Greece’s National Public Health Organization (EODY) has teamed up with the country’s Safe Water Sports initiative to promote awareness and strengthen safety policies and regulations with regard to recreation at sea.
“Prevention of accidents at sea is very high on EODY’s priorities and our cooperation with Safe Water Sports will be long-term with a common goal to reduce the number of drownings in our country,” said EODY President Panagiotis Arkoumaneas.
Under the agreement, EODY will cooperate with Safe Water Sports to organize awareness-raising campaigns, work with municipalities to develop a series of relevant initiatives, and organize online training programs.
Besides raising awareness on the importance of recreation safety at sea, the partnership is setting foundations through a series of initiatives and actions including inspections and signage on beaches, stricter rules covering sea sports operations, informing citizens regarding the safety of Greek beaches, surveillance of accidents resulting from water activities, as well as launching an information campaign on safety at sea for the elderly.
Public bodies contributing their support to the initiatives include the shipping and health ministries, port authority police, and the coast guard.
The founder of Safe Water Sports, Panagiotis Paschalakis recently presented an app and website that provides useful information and guidance including whether a beach has a lifeguard, if a beach is shallow or deep, wind conditions, and availability of disabled access, among others.
Speaking during an event, Paschalakis underlined the importance of educating children on how to enjoy the sea safely, which he said should be a mandatory requirement at grade schools.
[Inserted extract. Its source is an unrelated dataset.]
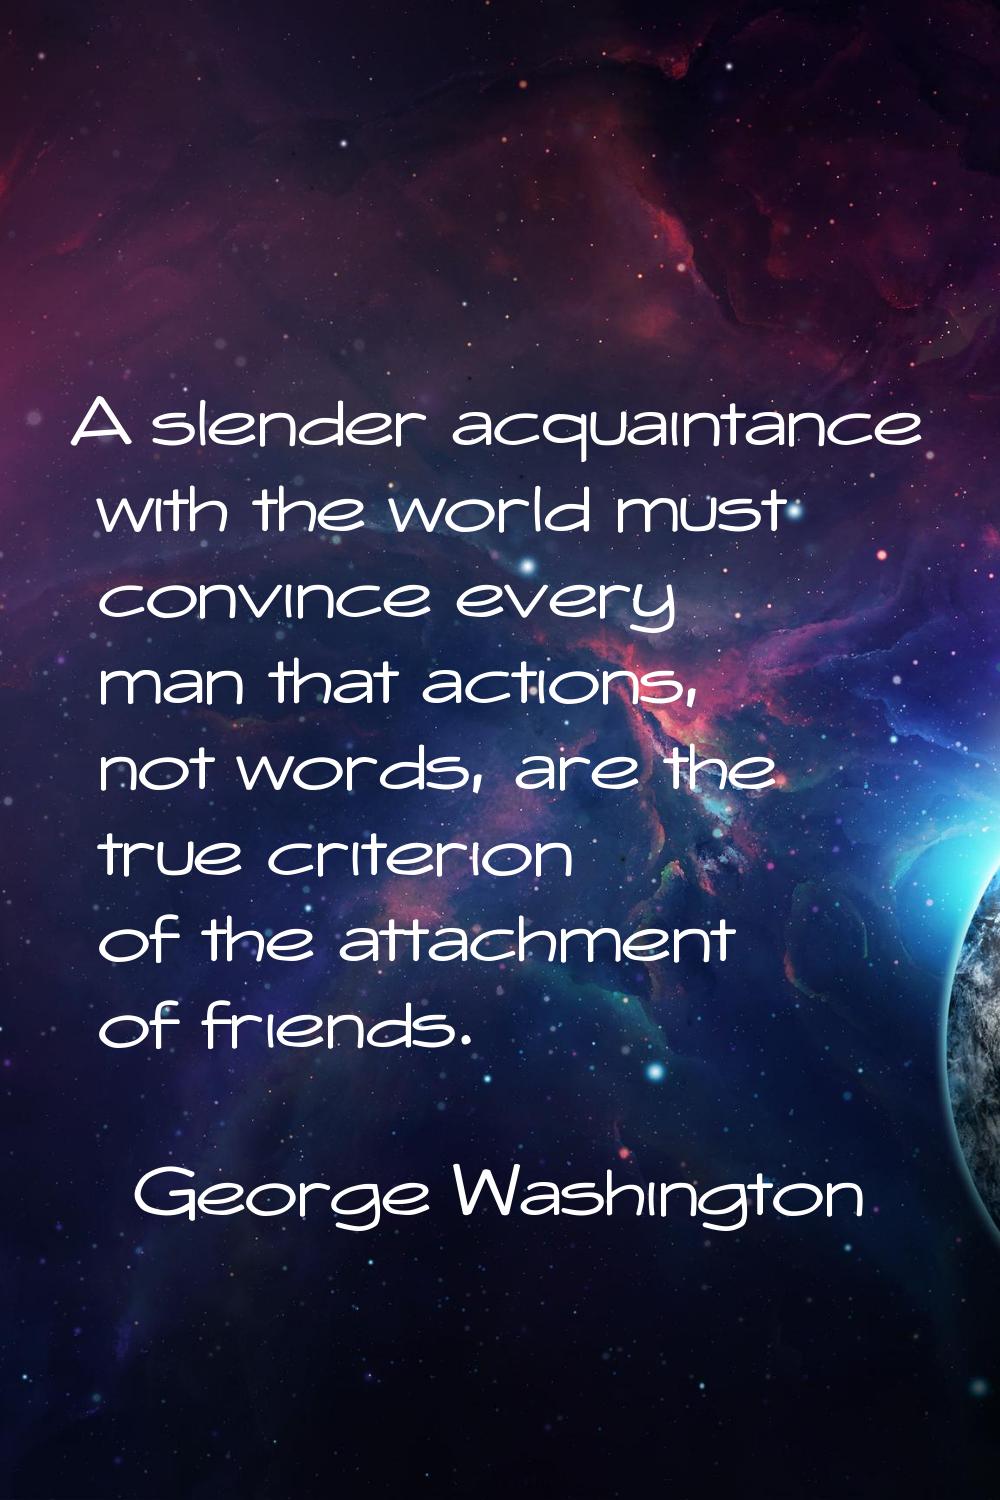 A slender acquaintance with the world must convince every man that actions, not words, are the true

In this direction, Safe Water Sports has drawn up a program with the approval of the education ministries in Greece and Cyprus.
Safe Water Sports is an NGO that came in response to a 2014 accident on Mykonos, that led to the death of a 10-year-old child. At the same time, it should be noted that every year, more than 50,000 Europeans are injured during water sports or boating activities with drowning the second leading cause of injury or death.